Or words to that effect. Milly would have been able to quote His Grace word for word. Sebastian’s shirt came off next, and then his boots and stockings. The ground was cold and slippery beneath his feet, and the occasional rock or root would no doubt make the footing even more interesting at precisely the wrong moment.

As Michael conferred with the kilted bear holding MacHugh’s horse, Sebastian focused on the gnawing ache that had plagued him since he’d ridden away from St. Clair Manor the previous evening.

Ridden away from Milly.

What he felt did have some frustration in it—would Wellington’s minions never stop bothering him?—but also despair, and a quality of homesickness. He’d endured this feeling for years at the Château, until he had nigh choked on it with each thick, bitter cup of coffee he’d downed.
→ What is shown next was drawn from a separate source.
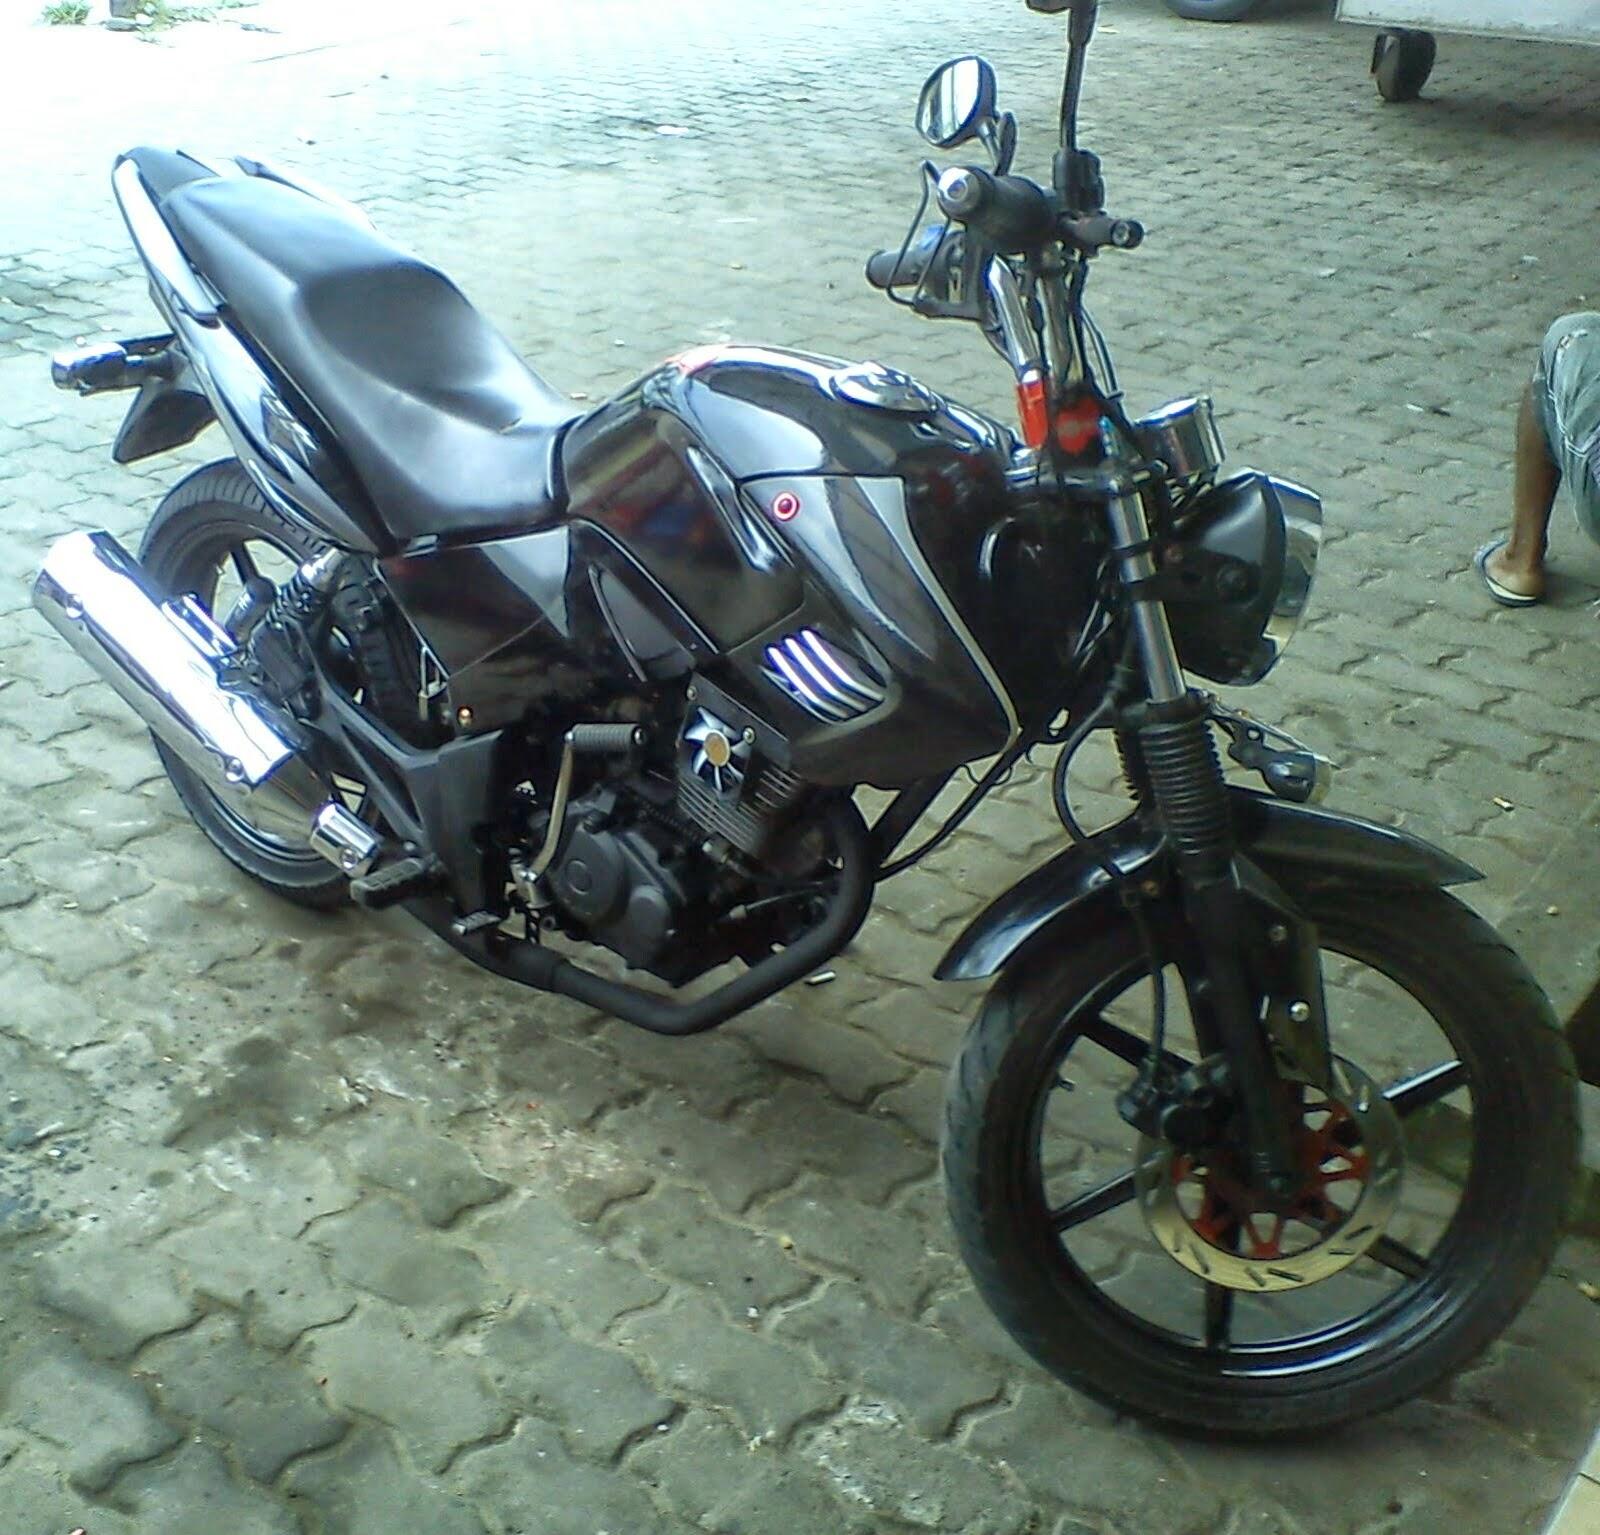 Koleksi Modifikasi Motor Tiger Revo Minimalis Terupdate Velgy Stang Thecitycyclist

The feeling was worse now though, when, as Michael had said, Sebastian could dream about a real peace, one that included a wife and children.

“MacHugh’s ready,” Michael said, shifting Sebastian’s boots so low-hanging branches gave them some protection from the rain.

“Did you offer an apology?”

“Tried that. No luck.”

Sebastian passed his signet ring over. “Any words of advice?”

“Stay the hell alive. You’re the last excuse I can use to put off going North.”

Sebastian willed his body to relax, despite the damp and the chill. “I will make every effort to oblige you. Do I assume one of those skirted mastodons is a surgeon?”

“The shorter one. MacHugh thinks he owes it to your widow to clean up your corpse before he sends you home to her.”

“Most considerate of him. Let’s get this over with.” They walked forward into the clearing as MacHugh tossed his flask to his second. “You’ll tell Milly?”

“Bloody hell. Yes.”

A damp, drippy silence went by while Sebastian studied the terrain. The left side of the clearing rose slightly, suggesting the ground might be less boggy. Rocks jutted toward the right, rocks a man would not want to fall against but ought to maneuver his opponent into.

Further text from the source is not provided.